Maseko and Another v Rex (84 of 2014) [2014] SZHC 156 (14 July 2014)









IN THE HIGH COURT OF SWAZILAND


JUDGMENT

Crim. Review Case No. 84/14


In the matter between



SIPHO VUSI MASEKO 1st Applicant

BONGANI ELLIOT MASEKO 2nd Applicant


and


REX Respondent



Neutral citation: Sipho Vusi Maseko & Another v Rex (84/2014 [2014] SZHC 156 (14 July 2014)


Coram: Mamba J


Considered: 14 July 2014


Delivered: 14 July 2014


[1] Criminal law and Procedure – on a conviction on a charge of stock theft in contravention of section 3 (a) of The Stock Theft Act 5 of 1982 as amended - before mitigation and sentence, the Court is enjoined in terms of section 18 (1) to determine or enquire into the existence or otherwise of extenuating circumstances in connection with the commission of the offence. Where extenuating circumstances exist, the accused shall be entitled to a fine, but where no such circumstances exist a custodial sentence is mandatory.


[2] Criminal law and Procedure – accused convicted of stock theft and the presiding officer failing to enquire into the existence or otherwise of extenuating circumstances. Sentence passed under these circumstances irregular and set aside or quashed.


[3] Criminal law – operation of sentence – where court does not specifically state when sentence shall start to run, such sentence deemed to be with effect from the day it is passed.


[4] Practice and procedure – accused arrested and detained on 17 March 2014 and sentenced on 10 April 2014. Court failing to back-date sentence. This is irregular and in fact contrary to section 16 (9) of the Constitution.


[5] Criminal law – accused damaging leg irons in order to facilitate his escape from lawful captivity. A charge of malicious damage to property coupled with one for escaping from lawful custody is a duplication or splitting of the latter charge. Conviction and sentence for malicious damage to property quashed.



[1] This is a review application following the conviction and sentencing of the applicants herein by a Magistrate’s Court at Simunye on 10 April 2014.


[2] The first Applicant, Sipho Vusi Maseko, was the first accused in the Court a quo whilst his co-applicant was the second accused. I shall refer to them as they appeared in the Court below.

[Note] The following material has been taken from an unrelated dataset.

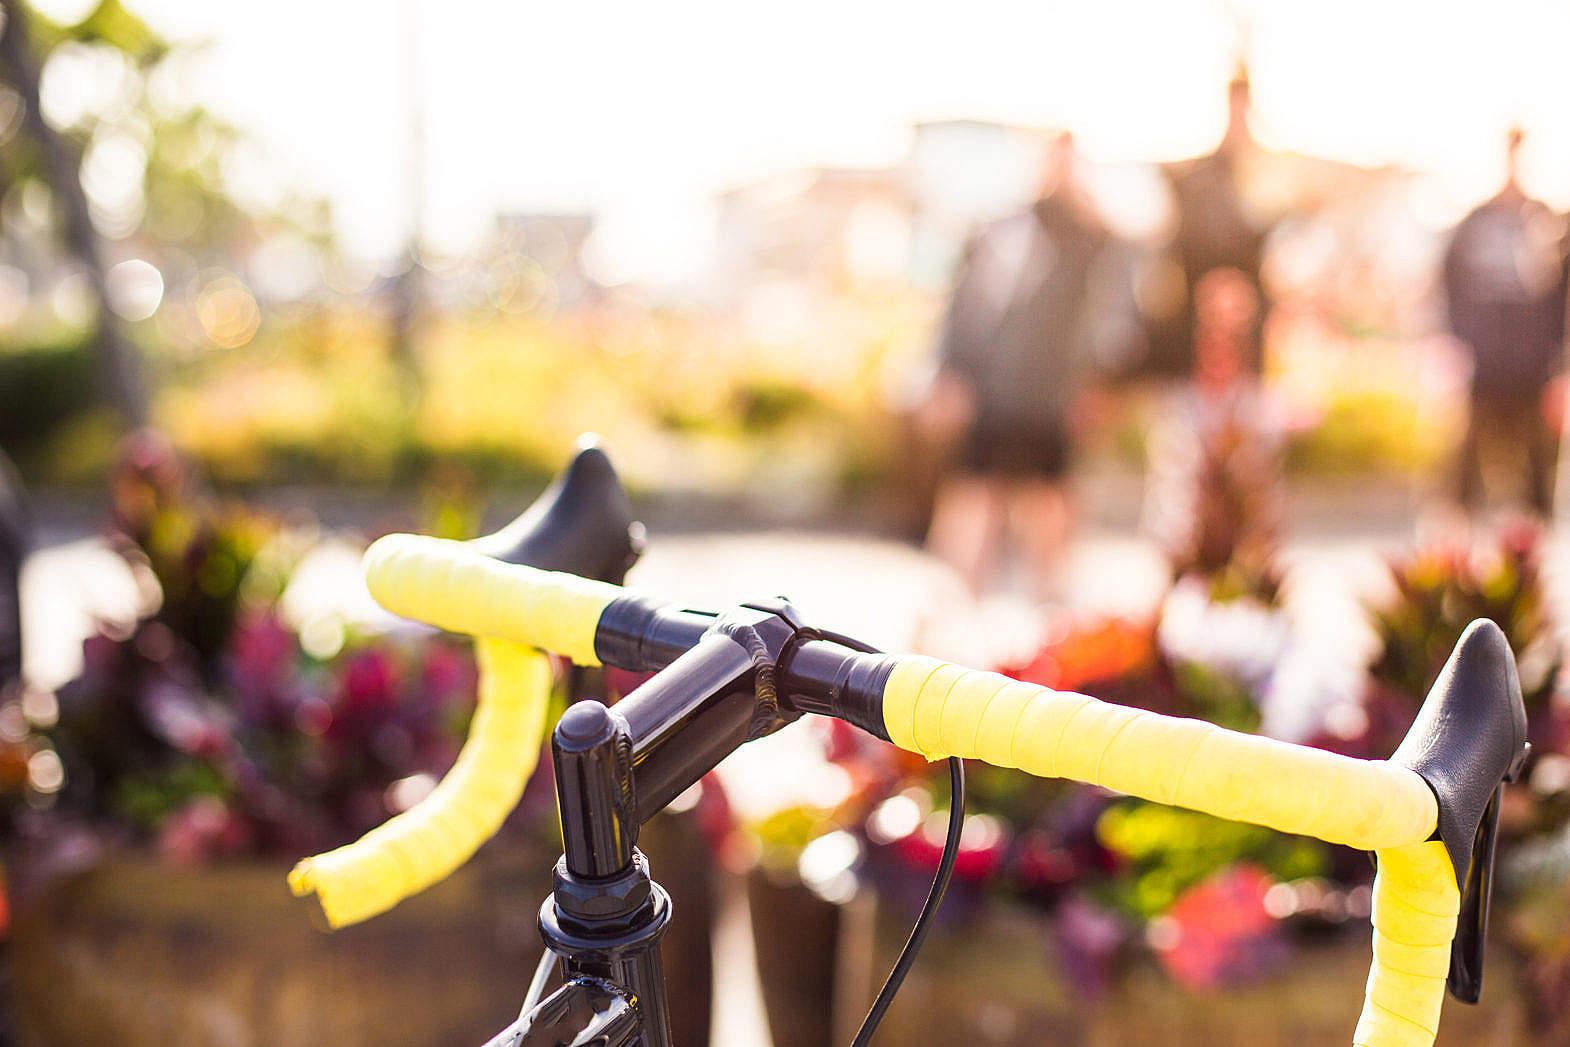 2. 不管是腳踏車駕駛者或是搭乘者一律須佩戴安全帽,而首爾的公共租借單位置,都會提供安全帽免費借用服務。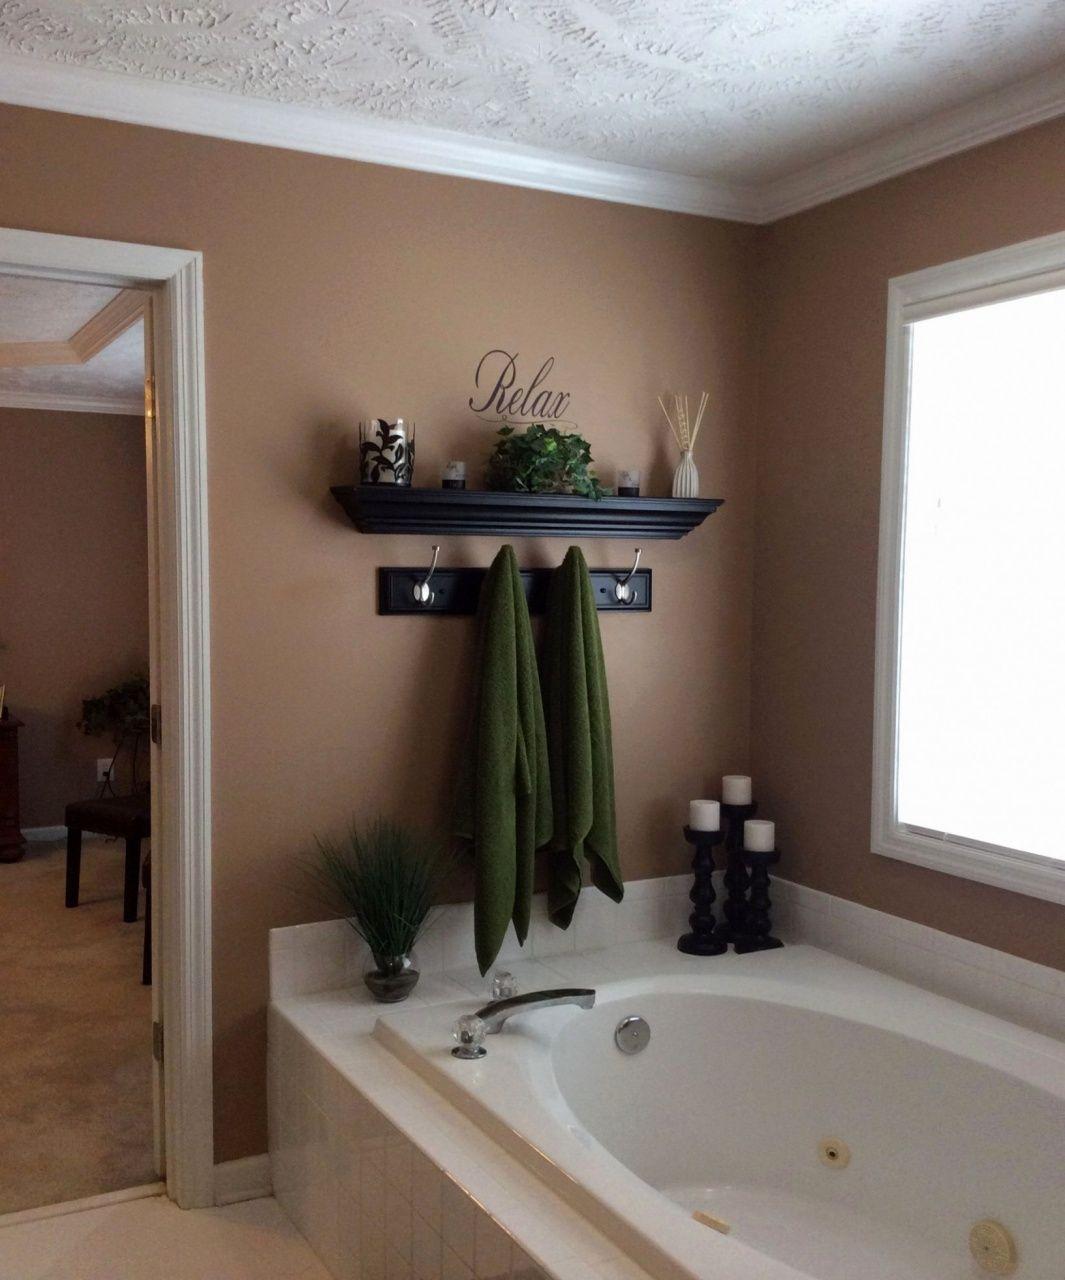 small bathroom wall decor ideas - Google Search in 8  Bathroom

[3] The accused made their first appearance in Court on 20 March 2014 and they were immediately arraigned after the Court had advised them of the right to be legally represented. They informed the Court that they were ready to proceed with the trial and they were to conduct their own defence.


[4] The charge sheet against the accused contained four counts. On the first two counts, the crown alleged that the accused were guilty of the crime of Theft of Stock in Contravention of section 3 (a) of the Stock Theft Act 5 of 1982 (as amended). The crown alleged that the accused had on 17 March 2014 stolen a goat on each of those counts.


[5] The third count alleged that the first accused had contravened section 43 (1) of the Criminal Procedure and Evidence Act 67 of 1938 in that on or about 17 March, 2014 he had unlawfully and intentionally escaped from lawful custody whilst held, at the Lomahasha Police Station. The fourth count also involved the first accused alone and it alleged that on 17 March 2014 he had unlawfully and intentionally maliciously damaged a set of leg irons belonging to the Swaziland Government. Again this is said to have occurred at the Lomahasha Police Station.


[6] On arraignment, both accused pleaded guilty to all the respective counts they faced. The crown led a total of four witnesses in its quest to prove its case. The accused did not question or cross-examined any of these witnesses. The Court record of the proceedings do show that the accused were given the opportunity to cross-examine each of these witnesses. I shall return to this aspect of the case presently in this judgment.


[7] The accused did not lead any evidence in their defence. They chose to remain silent. After conviction both accused were allowed or given the opportunity to lead evidence or address the court in mitigation of sentence. They both addressed the court on the issue and were immediately sentenced as follows:

7.1 On the first and second counts they were each sentenced to a term of two (2) years of imprisonment without the option of a fine.

7.2 The first accused was sentenced to pay a fine of E2000.00 failing which to undergo a term of imprisonment for 2 years in respect of the third and fourth counts. He was further ordered to pay a sum of E375.00 to the Swaziland Government as the replacement value of the leg irons that had been damaged or destroyed. If the accused failed to pay this amount by 18 April 2014, he had to serve 12 months in prison. The sentences were ordered to run consecutively.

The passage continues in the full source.